Philipp Schmid [00:12:03]: So evaluating generative models is way harder and super subjective to personal needs. Or maybe what you're trying to optimize for. What are really the benefits here mentioned already, it's super cheap, especially with techniques like parameter efficient fine tuning, which reduces the memory needed for training even more. We can train an LLM like llama or mistral for only like $10 or so. And what's also cool, we don't need millions and trillions of different data samples. We can fine tune a model already with like a few thousand samples. And what is even cooler is that we can now use those pretty strong llms to generate synthetic data. So generate those examples for us from maybe a text I provide about my environment or about my company or some kind of FAQ, which I then use to fine tune the model to answer for my needs.
Philipp Schmid [00:12:58]: So we're already talking about instruction data sets and what makes a good instruction data set is as critical as it could be. So if we have bad data, our model will be dead. So it's like the same story as we had for traditional machine learning. Garbage in, garbage out. So we really need to make sure we have good instructions or instruction data set. And those mostly consist out of, okay, we really need clear instructions. So we should be very specific on okay, what should the model do? You might already experience this when chatting with Chat GPT that if you are not super specific and clear on what the model should do, it might generate something which is not what you want. So we need clear and specific instruction.

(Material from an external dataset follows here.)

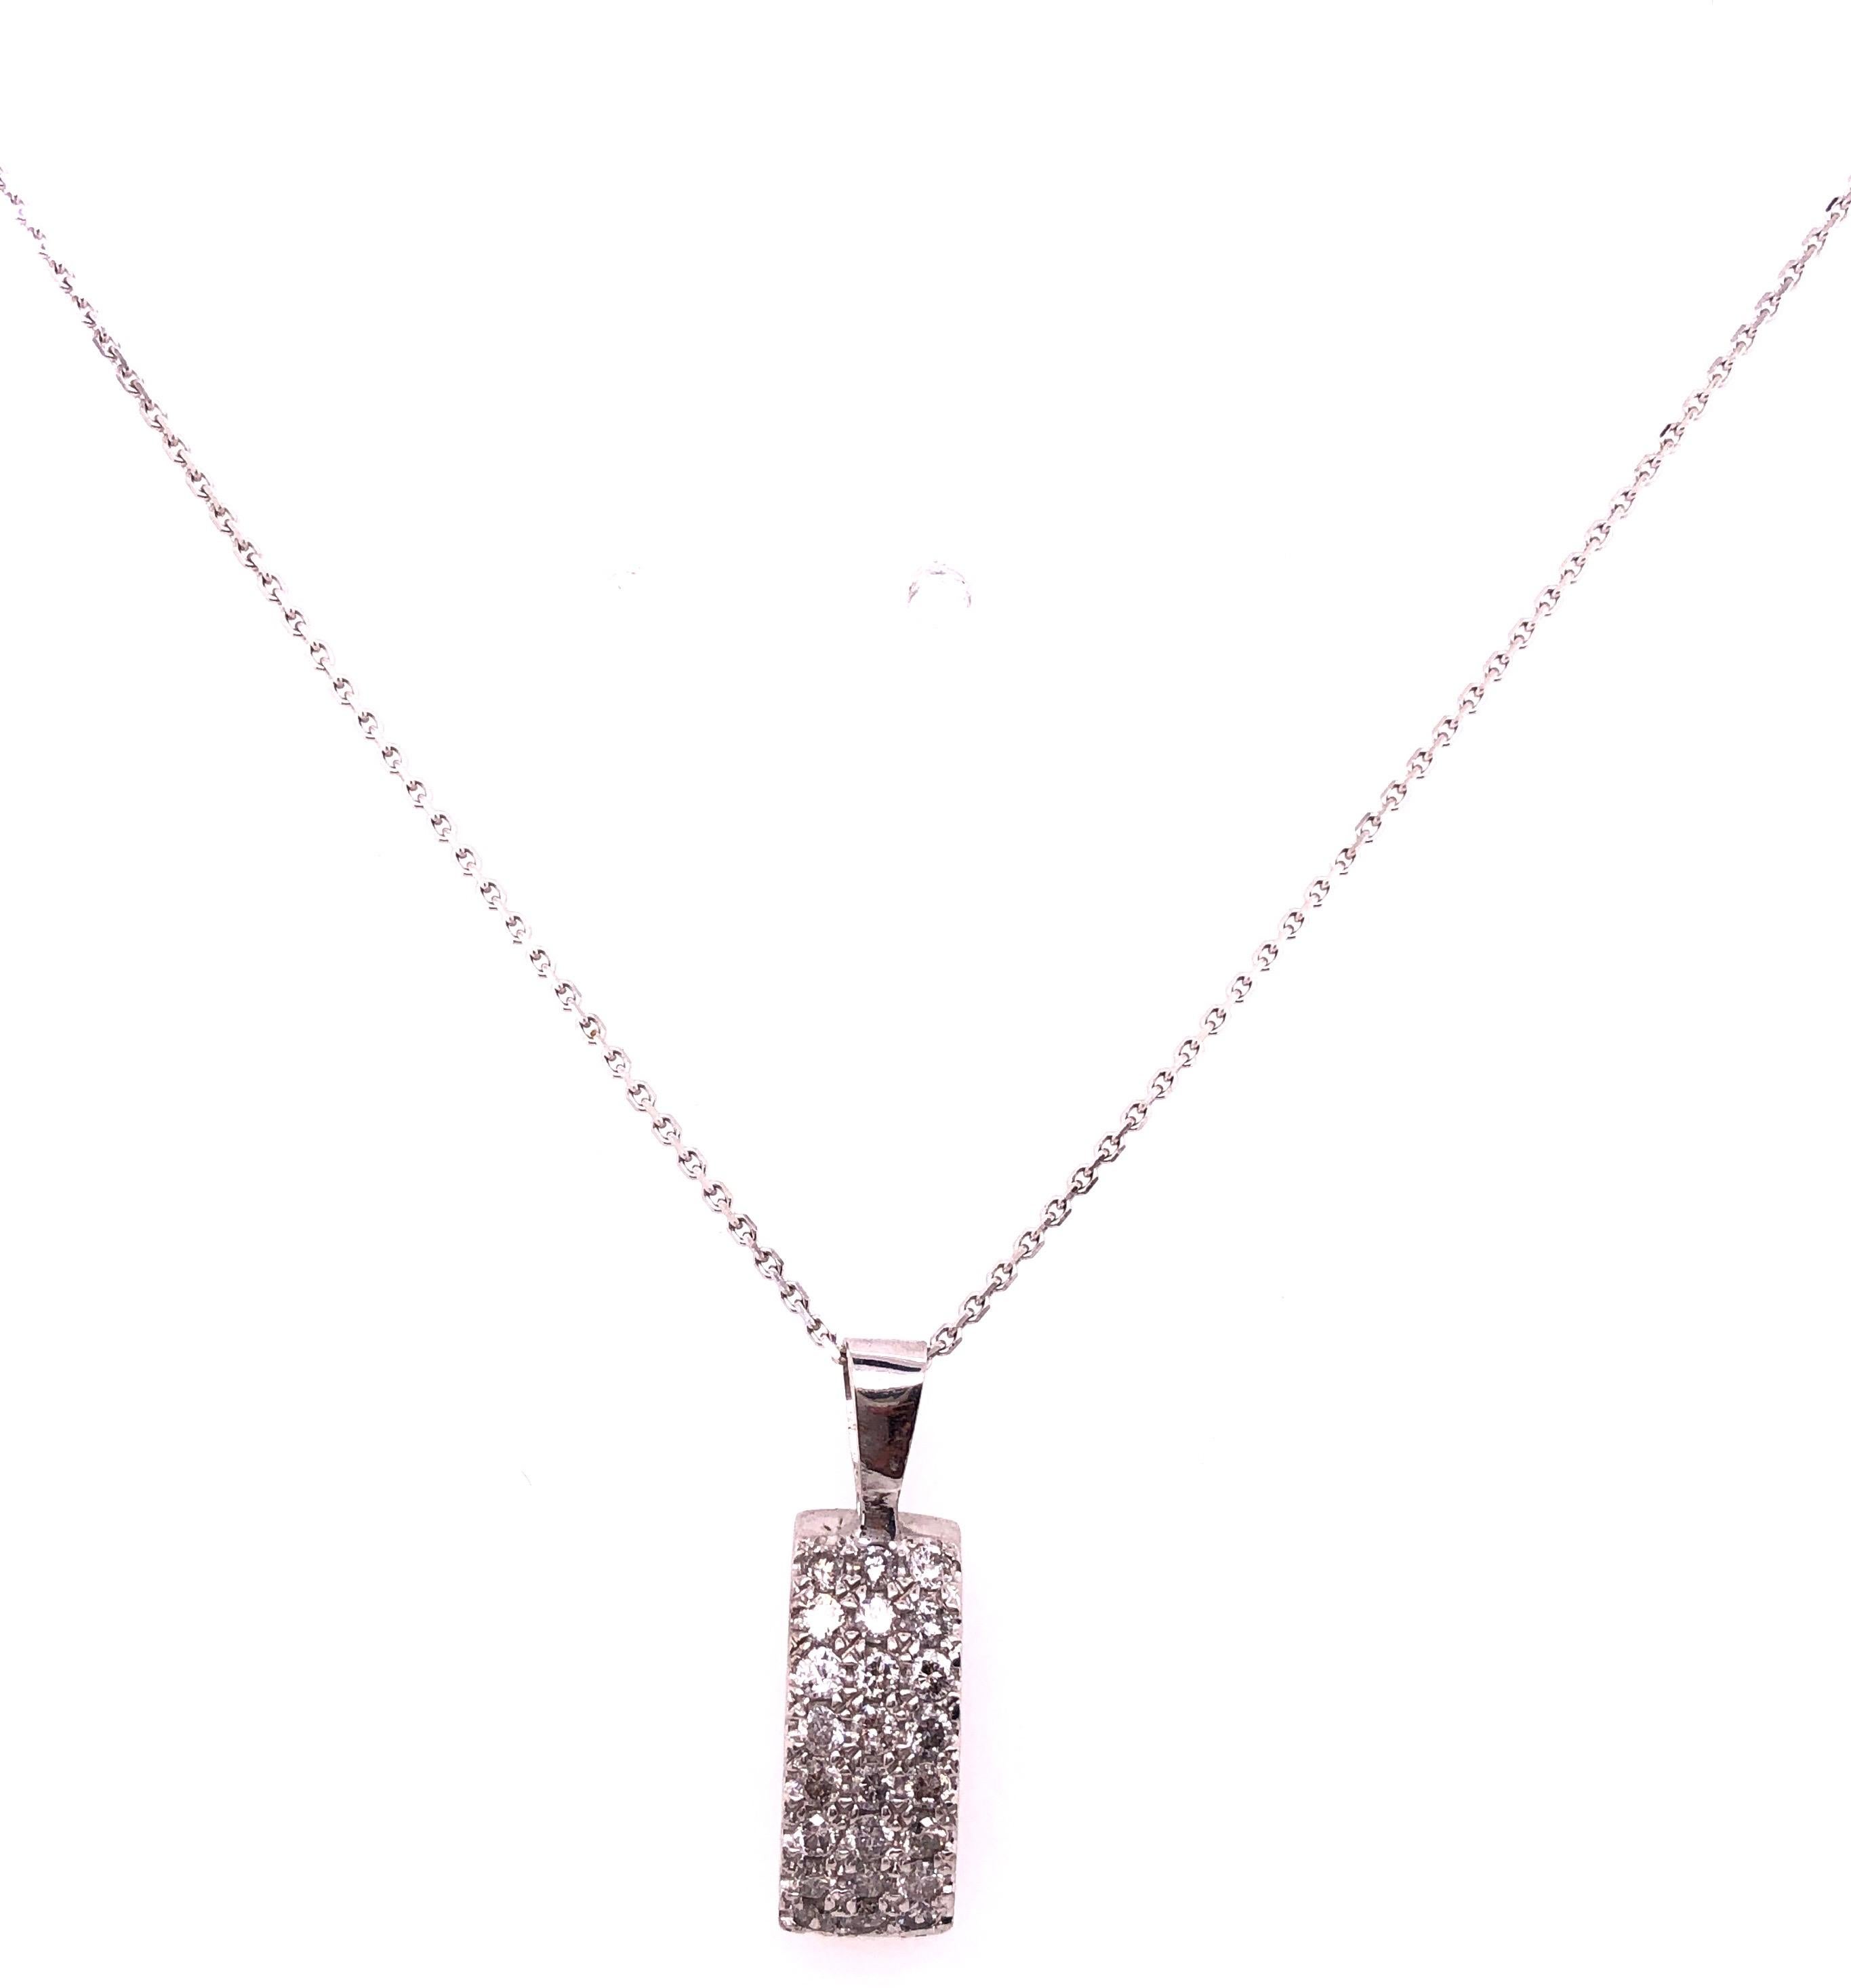 14Kt White Gold 16 inches Necklace with Pendant 0.80ct Total Diamond Weight having 24 stones. 
3.3 grams total weight

Philipp Schmid [00:13:40]: We need a diverse set of topics and tasks. So for example, if you have a data set of 10,000 instructions and 9000 of them are about writing stories about Boston and different companies like locations and cities and then if you want to use the model to do math or question answering, it might not perform as well. Since the majority of the data set was about content writing, we need definitely consistent formatting. So this means all of our instructions should be structured. The same example could be the Alpaca format where we have similar to markdowns like some hashtags and then the instruction with our text, and then the response is also similar structured with those hashtags and then the response and still human feedback is super critical. If we go back to our story about Boston is okay, maybe we have a story about Boston, but the better the story or the more differentiated the story is, the better we can tune our model. So if we want to create a question answering system, and the answer should not only be the answer, maybe if we want an answer which acknowledged the questions, add some more detailed information, we can help tune the model to listen to our needs by having good data. An example for a good instruction data set is alpaca, which is also the name of the fine tuned model from Stanford.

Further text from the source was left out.